- [Task brief]: After locating the line that contains "NFC Multifonctionnel Portable", quote it and all lines after it through the end of the entries, and nothing more. Pictures stay out.

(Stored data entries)
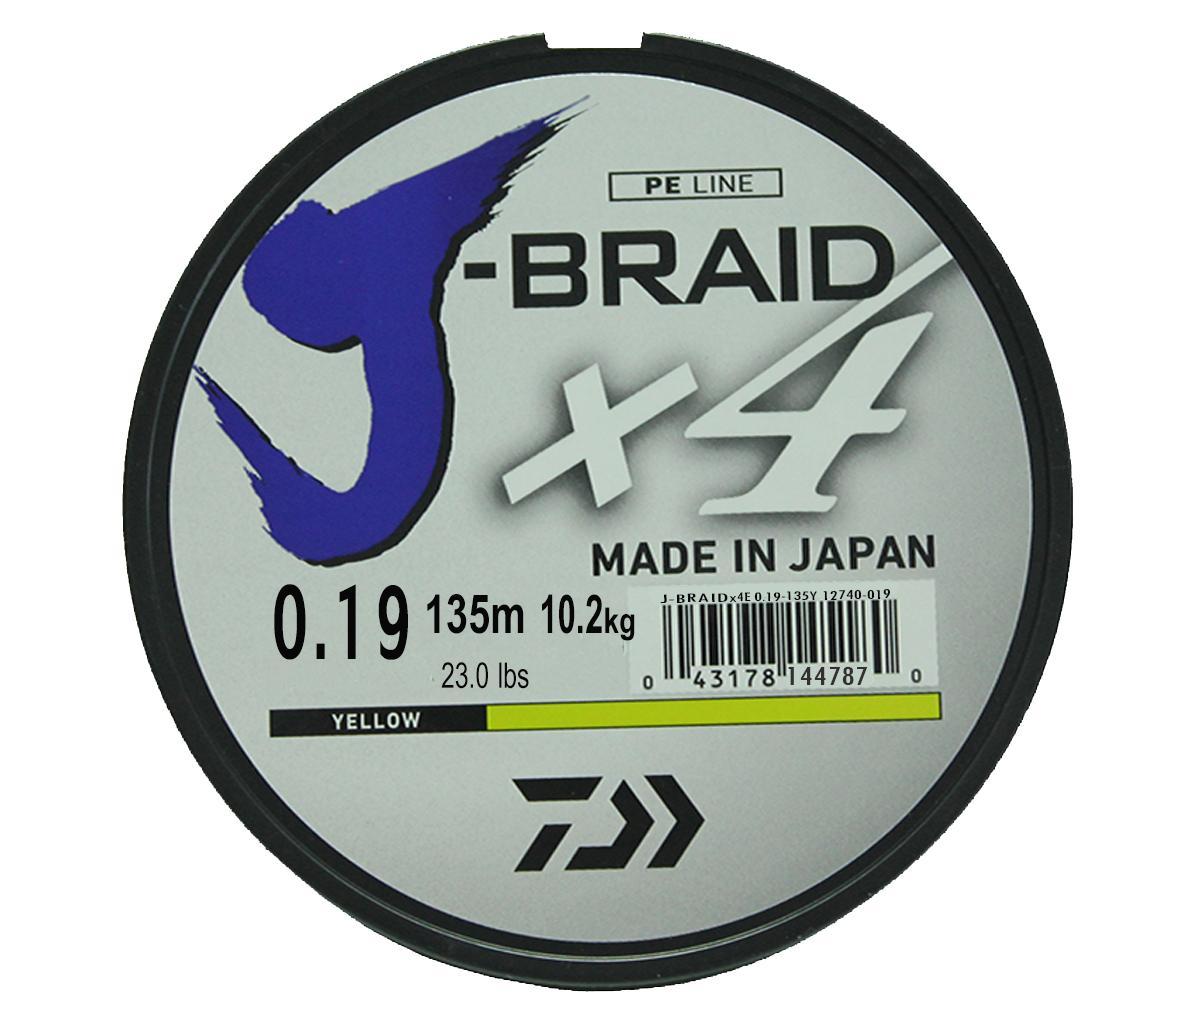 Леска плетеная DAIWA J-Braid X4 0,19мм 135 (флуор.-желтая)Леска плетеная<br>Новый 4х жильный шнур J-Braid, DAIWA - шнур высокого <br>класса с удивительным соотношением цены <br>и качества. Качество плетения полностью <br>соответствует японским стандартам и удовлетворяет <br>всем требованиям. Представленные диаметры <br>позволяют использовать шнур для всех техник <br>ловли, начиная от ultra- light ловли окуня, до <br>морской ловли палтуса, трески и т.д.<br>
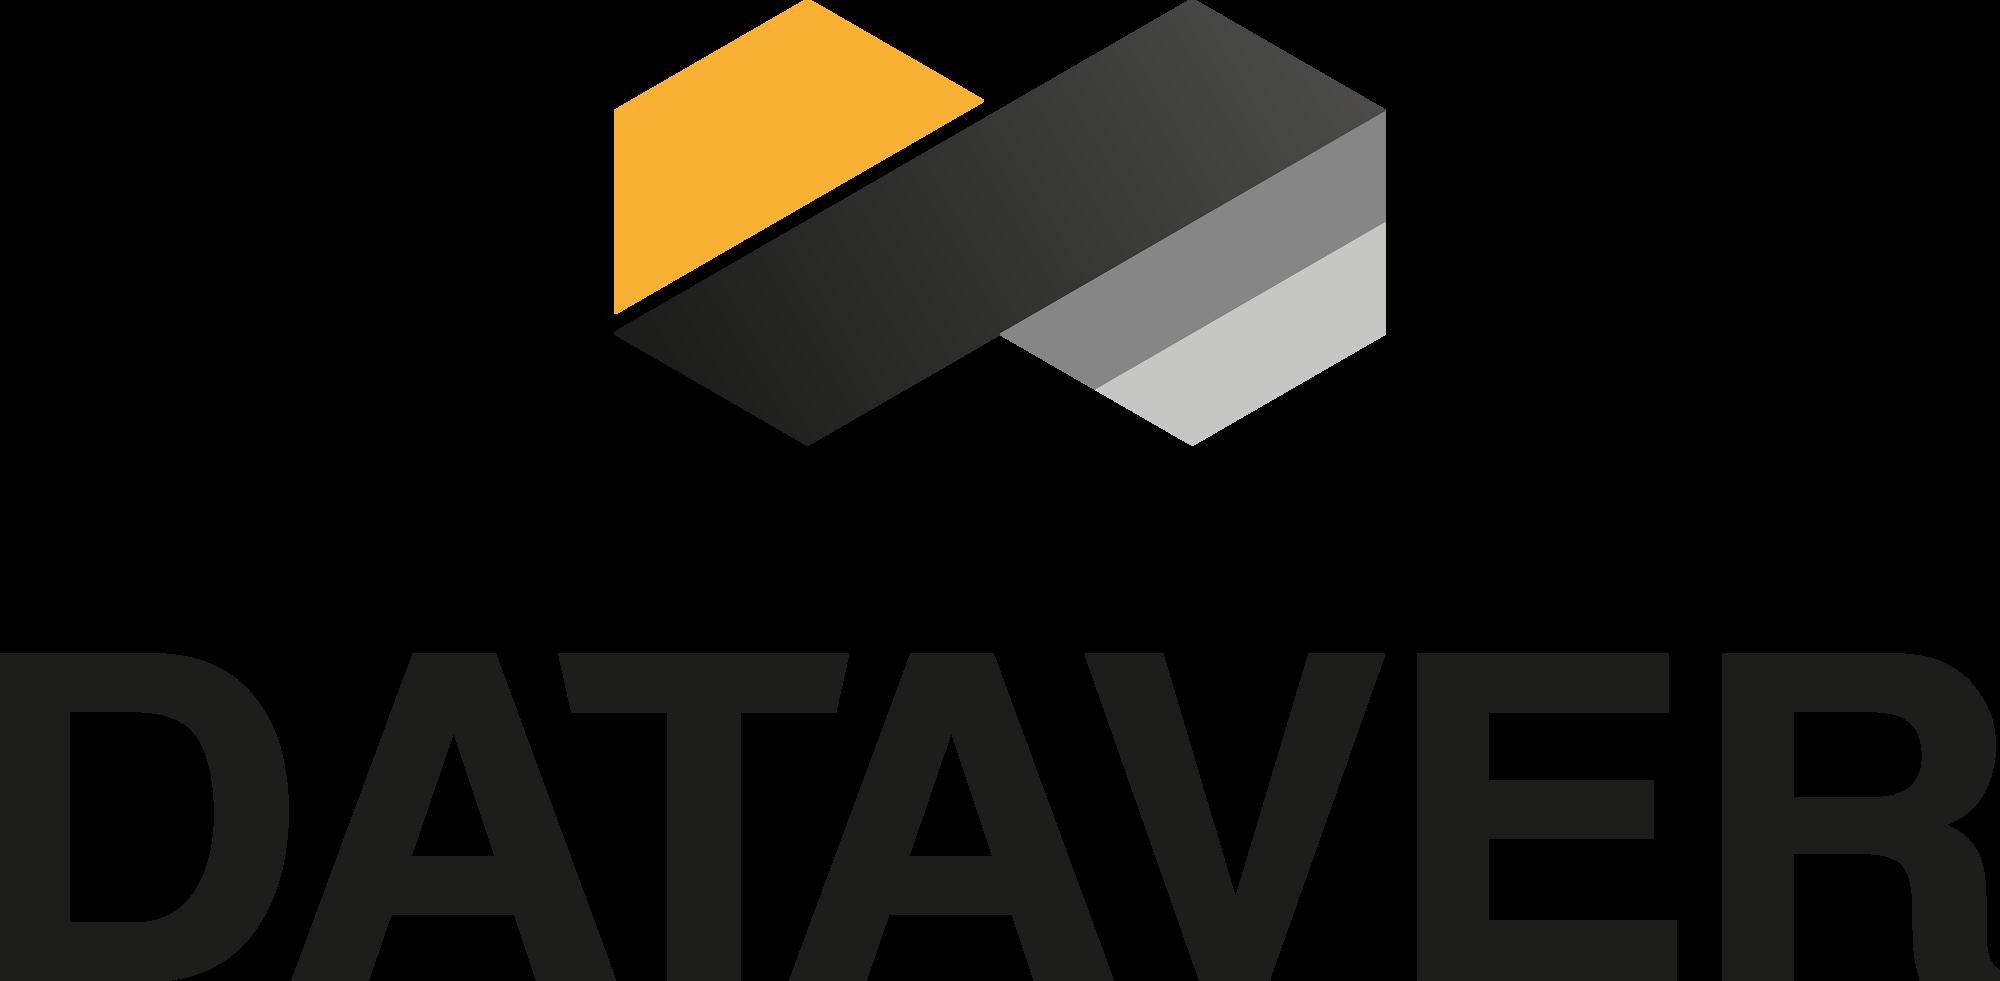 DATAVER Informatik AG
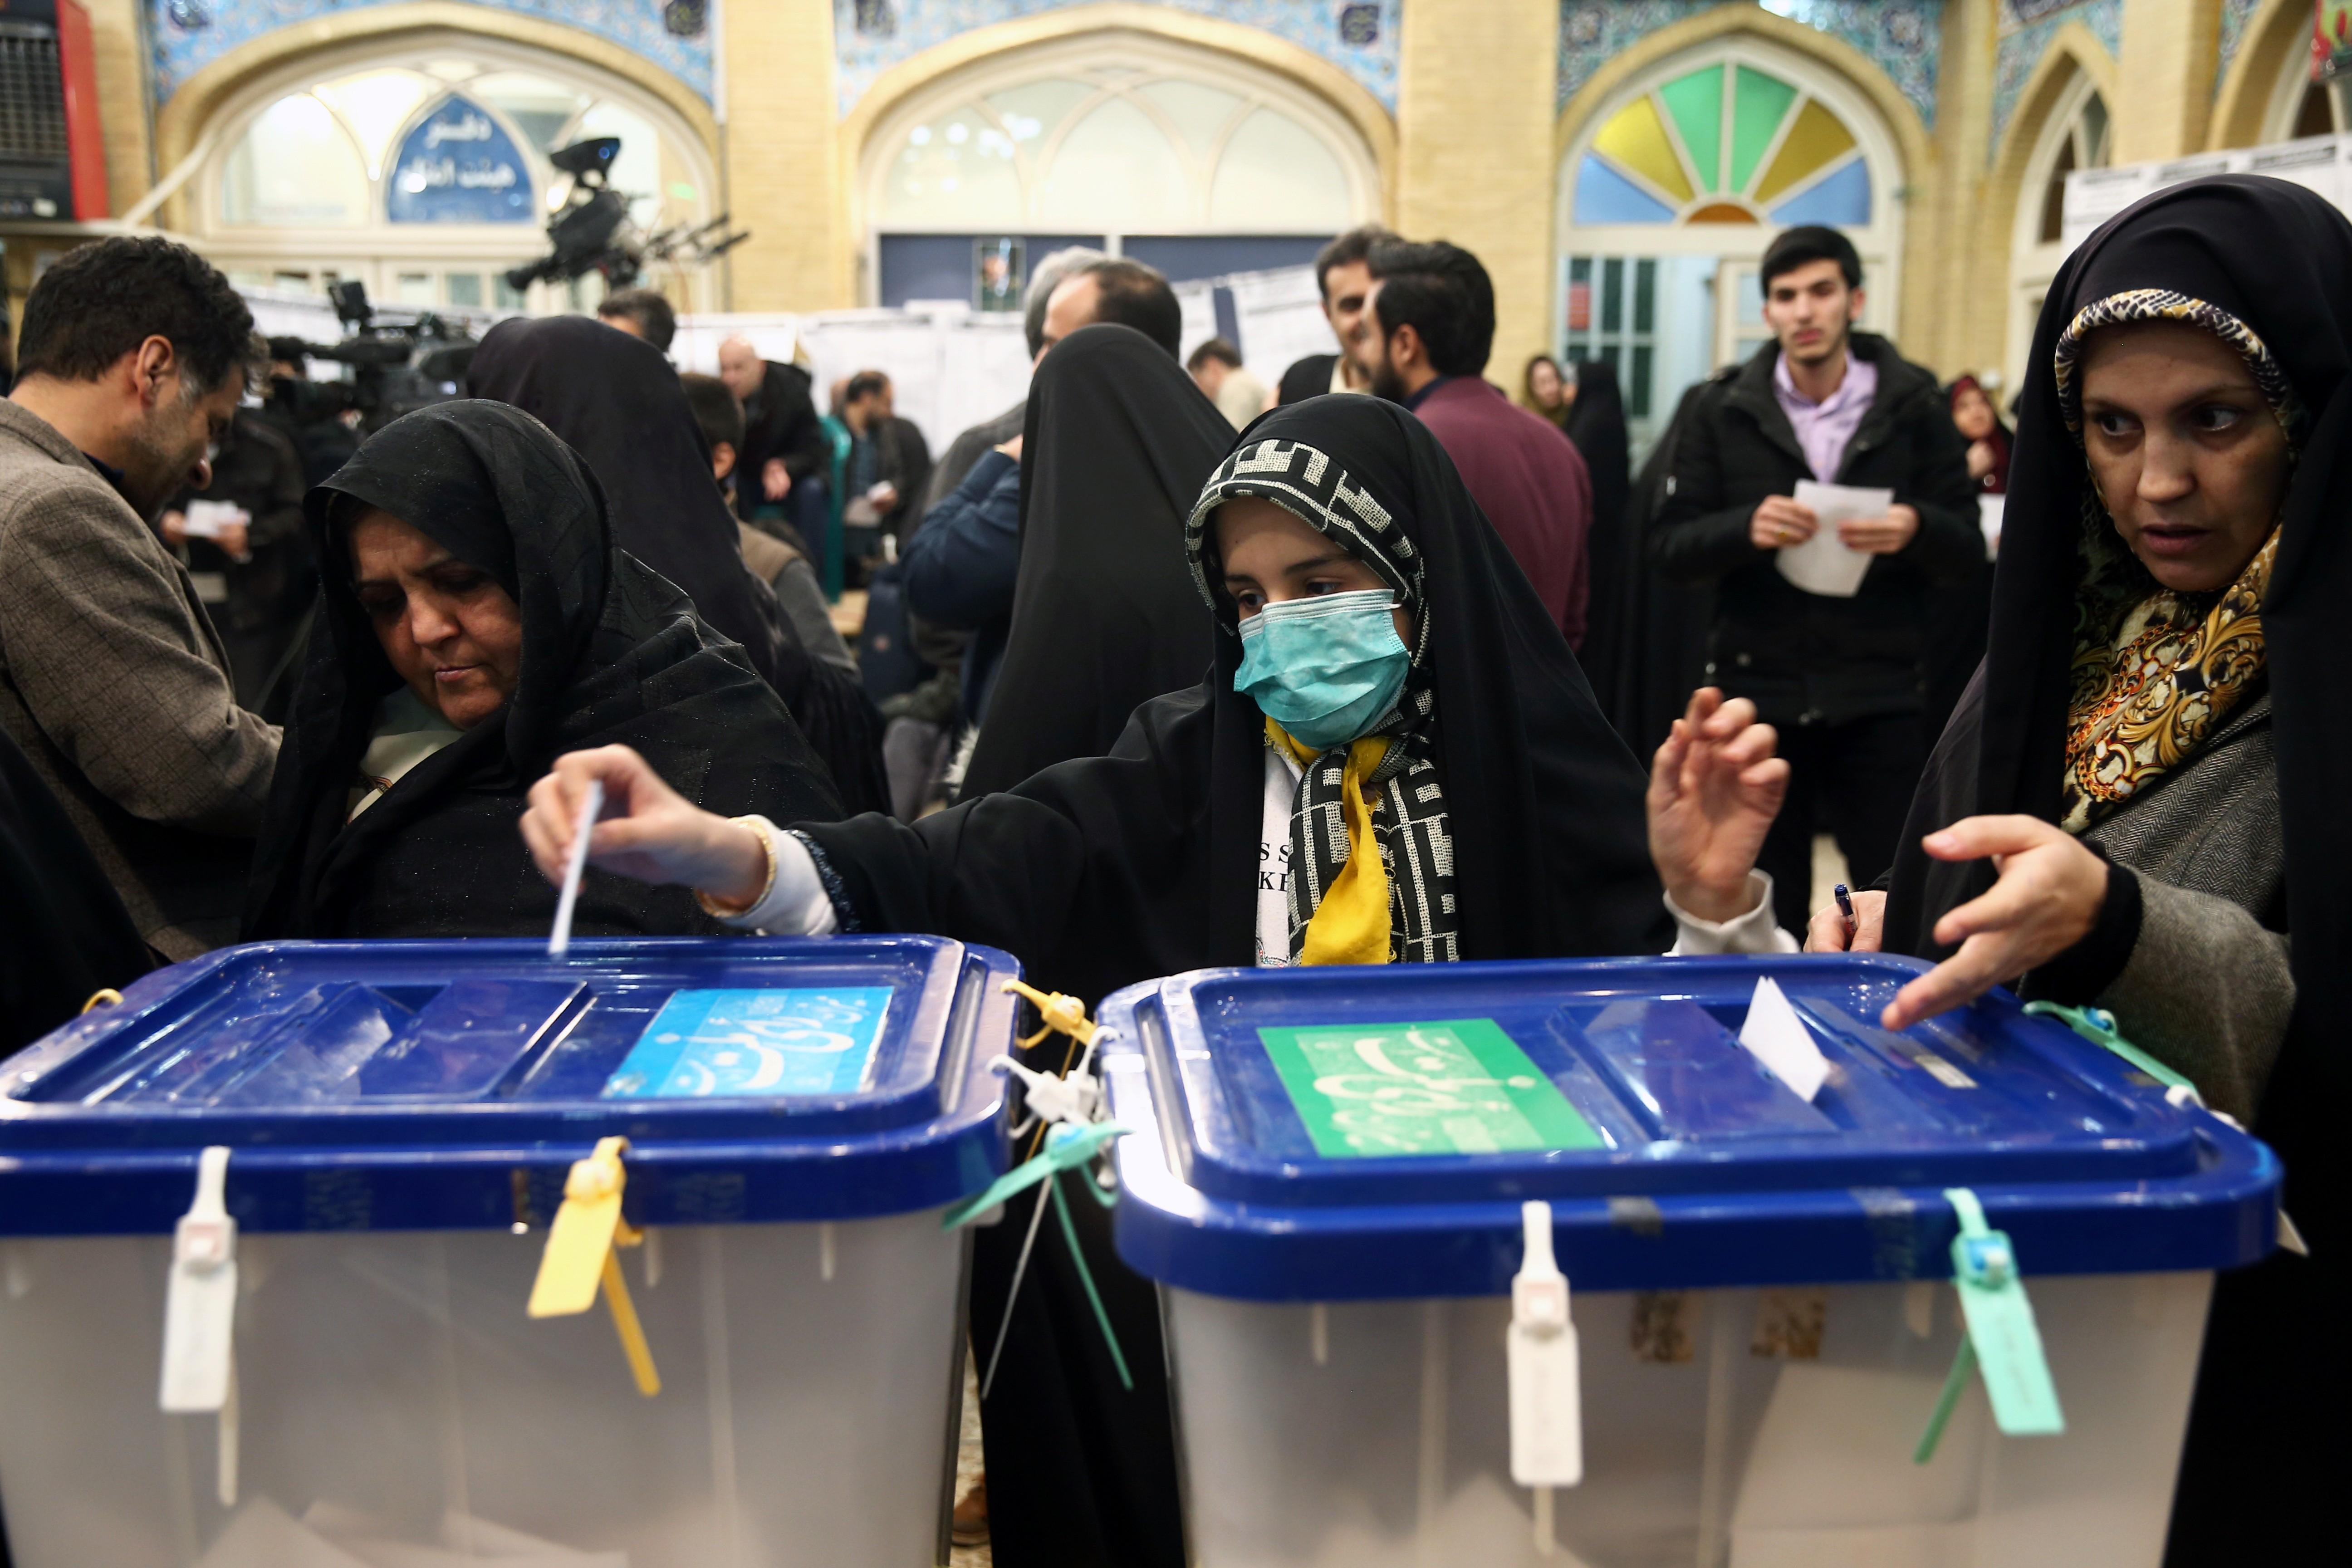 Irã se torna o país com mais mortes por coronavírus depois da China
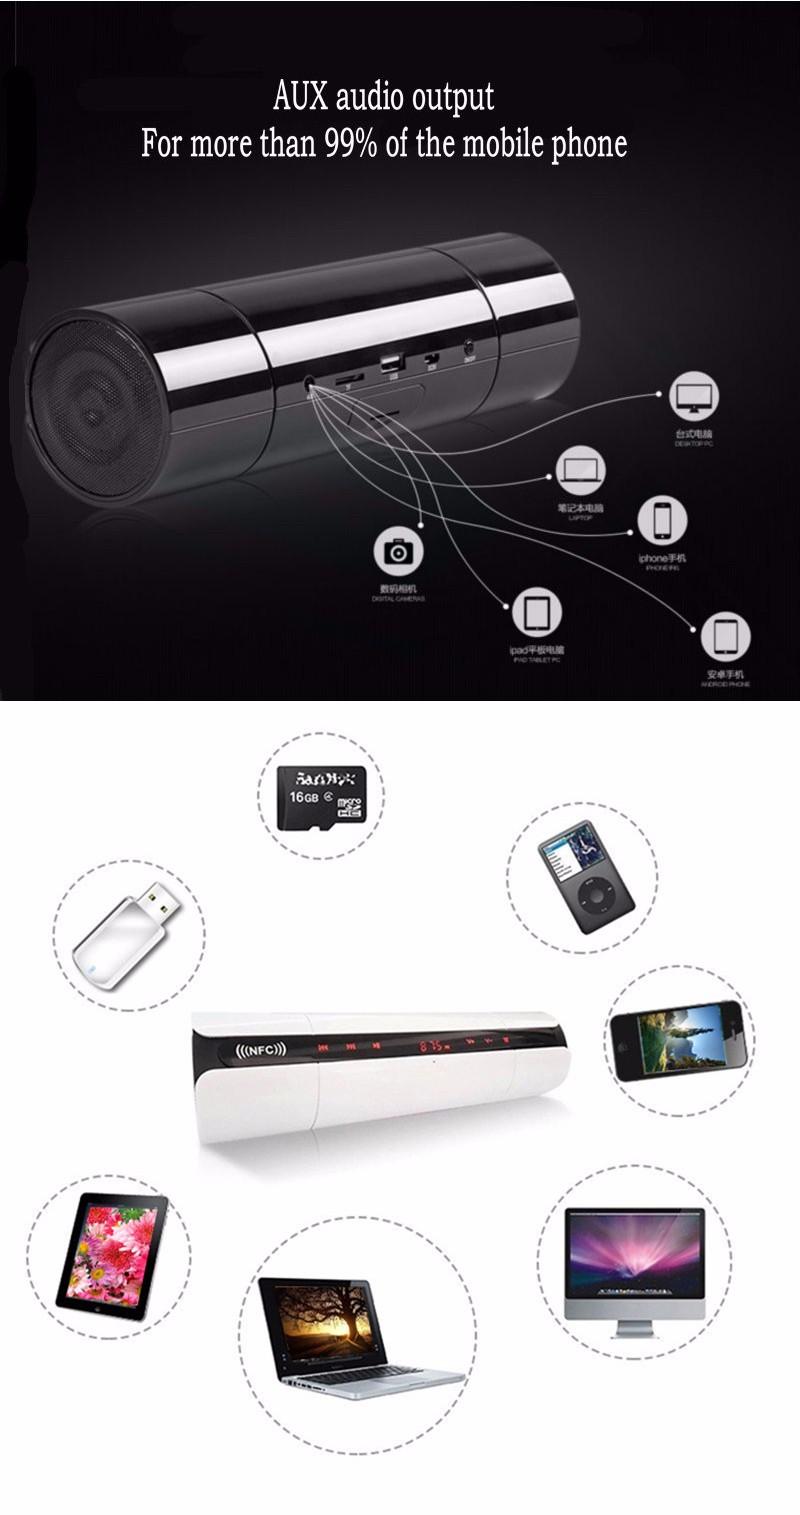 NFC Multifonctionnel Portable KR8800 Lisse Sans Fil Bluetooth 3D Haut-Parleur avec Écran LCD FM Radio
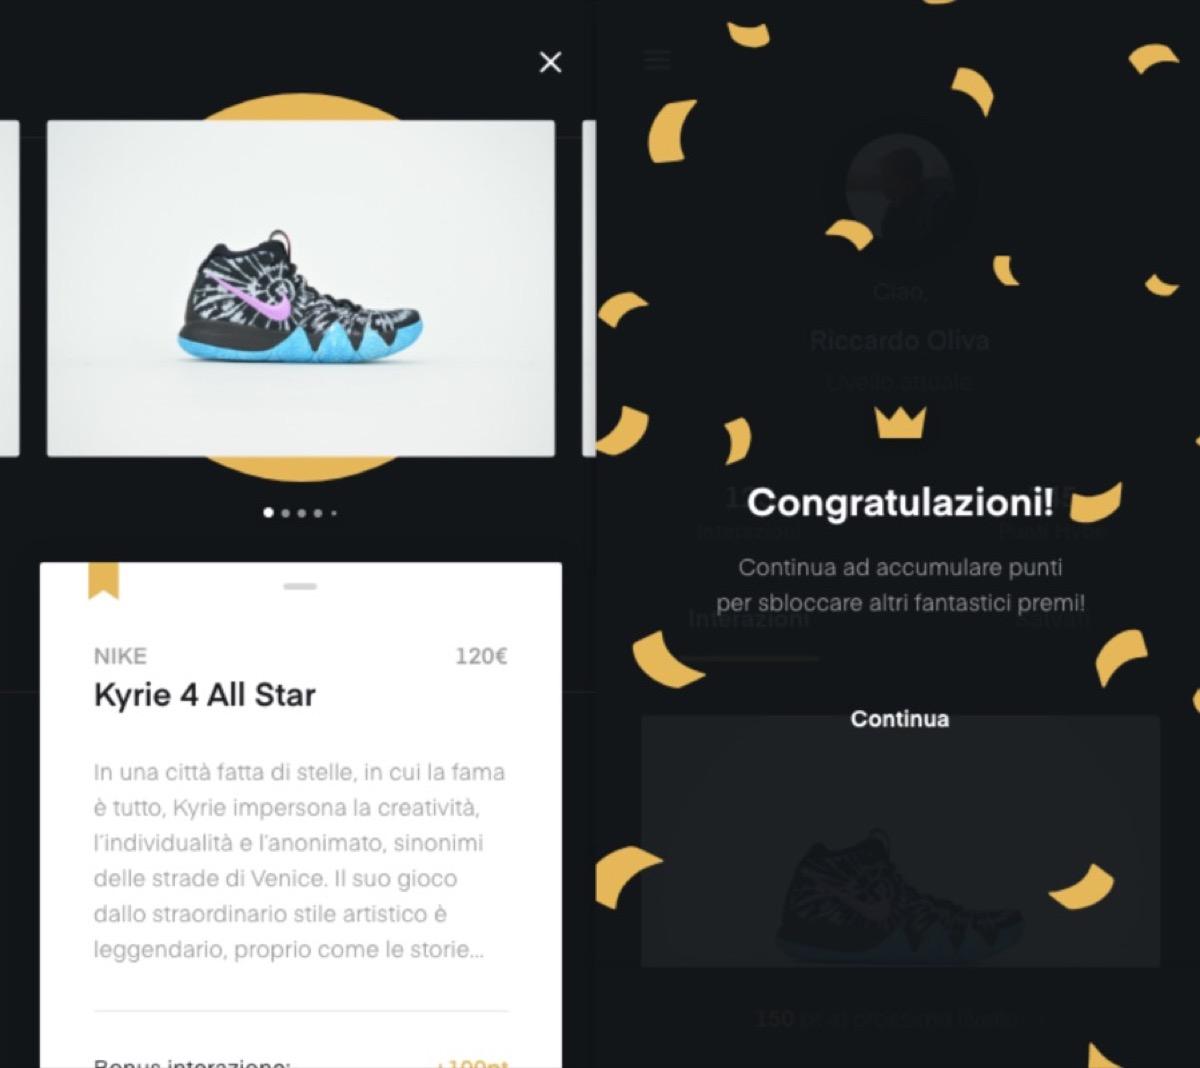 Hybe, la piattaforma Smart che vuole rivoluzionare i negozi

- [Result of this task]:
 NFC Multifonctionnel Portable KR8800 Lisse Sans Fil Bluetooth 3D Haut-Parleur avec Écran LCD FM Radio
 Hybe, la piattaforma Smart che vuole rivoluzionare i negozi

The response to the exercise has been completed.